Mit seit 13.01.2021 rechtskräftigem Urteil des Bezirksgerichtes (BG) XXXX vom 23.09.2020 wurde er wegen des Vergehens der Sachbeschädigung nach § 125 StGB zu einer Geldstrafe von XXXX , im Nichteinbringungsfall zu XXXX Ersatzfreiheitsstrafe, verurteilt.
Er wurde mit Urteil des LG XXXX vom 11.02.2021 des Vergehens der fortgesetzten Gewaltausübung nach § 107b Abs. 1, Abs. 2 StGB schuldig gesprochen. Er wurde zu einer Freiheitsstrafe in der Dauer von XXXX verurteilt. Der Privatbeteiligten wurde ein Teilschmerzensgeldbetrag in Höhe von XXXX zugesprochen. Seine im Vorfeld dieser Verurteilung von 18.12.2020 bis 11.02.2021 erlittene Vorhaft wurde auf die verhängte Freiheitsstrafe angerechnet. Nach Verbüßung eines Teils der Freiheitsstrafe wurde er am 28.03.2021 bedingt unter Setzung einer Probezeit von drei Jahren aus der Strafhaft entlassen.
Jener Verurteilung lag zusammengefasst der Sachverhalt zugrunde, dass er gegen die Mutter seines in Österreich geborenen Sohnes im Zeitraum September 2018 bis 18.12.2020 fortgesetzt Gewalt ausübte, indem er sie fortlaufend körperlich misshandelte, ihr Körperverletzungen zufügte und sie gefährlich bedrohte. Das Strafgericht wertete die einschlägige Vorstrafe, die teilweise Begehung während anhängigem Verfahren und den teilweisen raschen Rückfall erschwerend. Seine teilweise geständige Verantwortung und dass der Großteil der Einzeltaten in einem Zeitraum stattfand, indem auf die Entscheidung des früheren Strafverfahrens am LG Bedacht zu nehmen gewesen wäre, wurden mildernd gewertet.
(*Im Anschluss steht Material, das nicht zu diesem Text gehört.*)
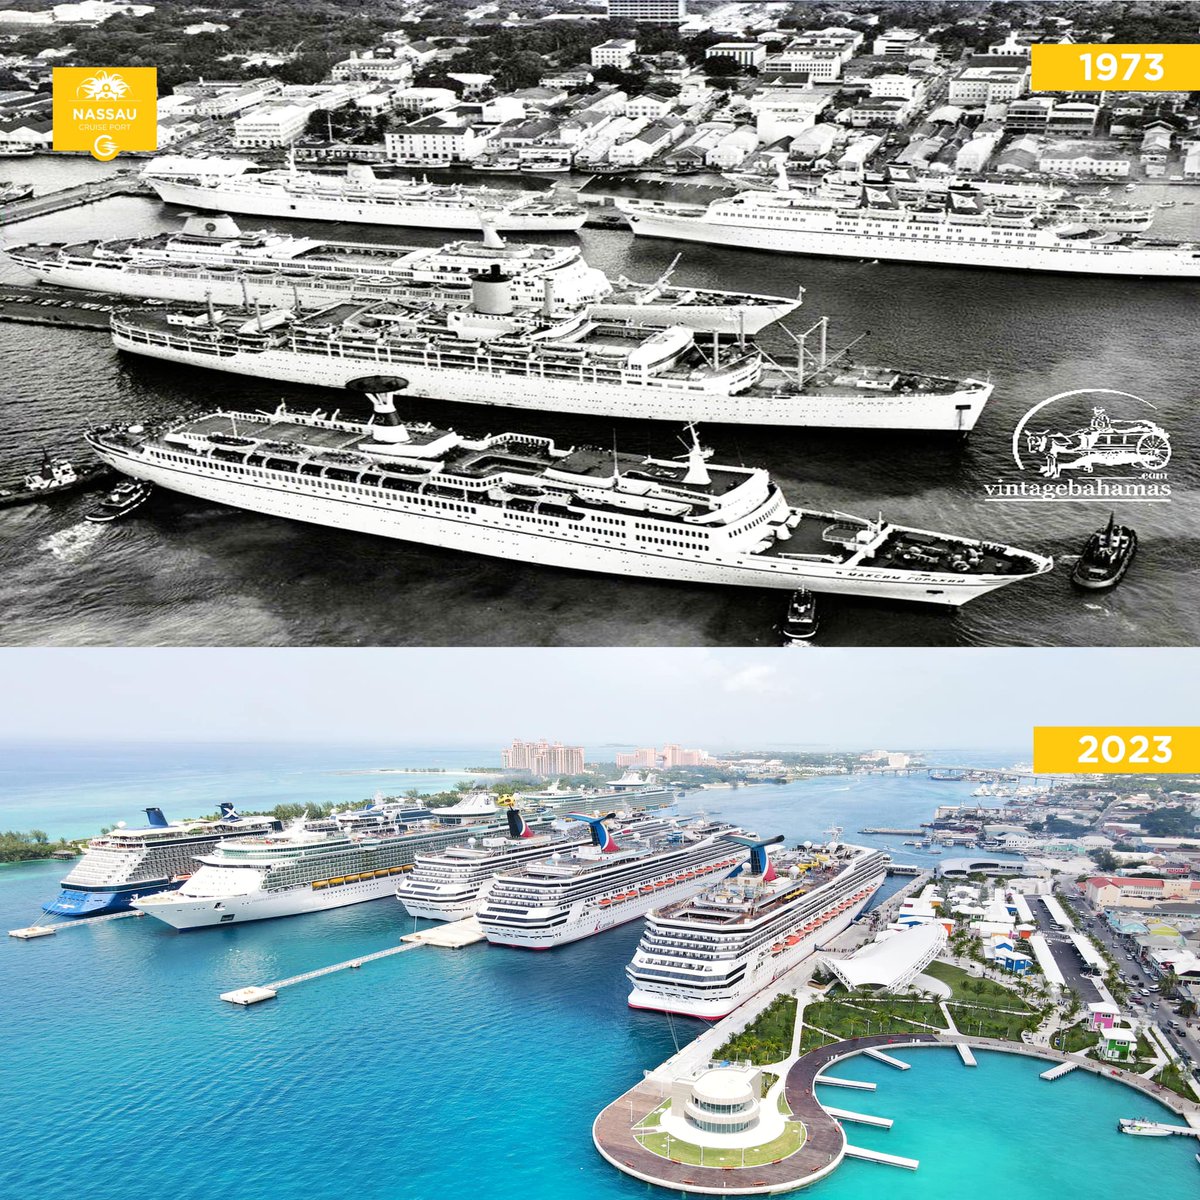 What a beautiful picture. 30 years later and continuing to grow our cruise port to meet demand. #BahamasStrong #Tourism facebook.com/nassaucruisepo…

Mit polizeilicher Berichterstattung vom 11.07.2021 wurde das BFA über ein neuerlich gegen den BF geführtes Ermittlungsverfahren wegen des Verdachts der gefährlichen Drohung und Körperverletzung verständigt. Der Berichterstattung lag ein Vorfall vom 10.07.2021 zugrunde, demzufolge er verdächtigt wird gemeinsam mit einem weiteren Beschuldigten Jugendlichen Faustschläge ins Gesicht versetzt und diese mit einem Messer bedroht zu haben. Nach Angaben der Opfer habe der BF zum Tatzeitpunkt beeinträchtigt gewirkt.
2. Beweiswürdigung:
2.1. Beweis erhoben wurde im gegenständlichen Beschwerdeverfahren durch Einsichtnahme in den gg. Verfahrensakt unter zentraler Berücksichtigung der niederschriftlichen Angaben des BF, der gekürzten Urteilsausfertigungen des LG, der Berichterstattung der LPD, des bekämpften Bescheides, des Beschwerdeschriftsatzes und der sonstigen im Zuge des Verfahrens vom BF vorgelegten Beweismittel, die Durchführung einer mündlichen Verhandlung vor dem BVwG im Beisein des BF, die zeugenschaftliche Befragung seiner nunmehrigen Ehefrau durch das BVwG sowie die Einholung von Auskünften des Strafregisters, des Betreuungsinformationssystems, des zentralen Melderegisters und des AJ-Web.
2.2. Die Identität, Staatsangehörigkeit, Volksgruppen- und Religionszugehörigkeit, regionale und familiäre Herkunft des BF konnten aufgrund der diesbezüglich bereits erstinstanzlich als glaubwürdig festgestellten Angaben des BF sowie des vorgelegten und kriminaltechnisch untersuchten Identitätsnachweises festgestellt werden.
Die Feststellungen zu seinem Bildungsniveau, zu seiner Erwerbstätigkeit im Herkunftsland und zu den Lebensumständen seiner Herkunftsfamilie stützten sich ebenso auf seine glaubwürdigen Angaben.
Die Feststellungen zum Reiseweg und zur Einreise des BF nach Österreich und seiner Antragstellung hierorts stützten sich auf die persönlichen Angaben des BF und den gg. Verfahrensakt.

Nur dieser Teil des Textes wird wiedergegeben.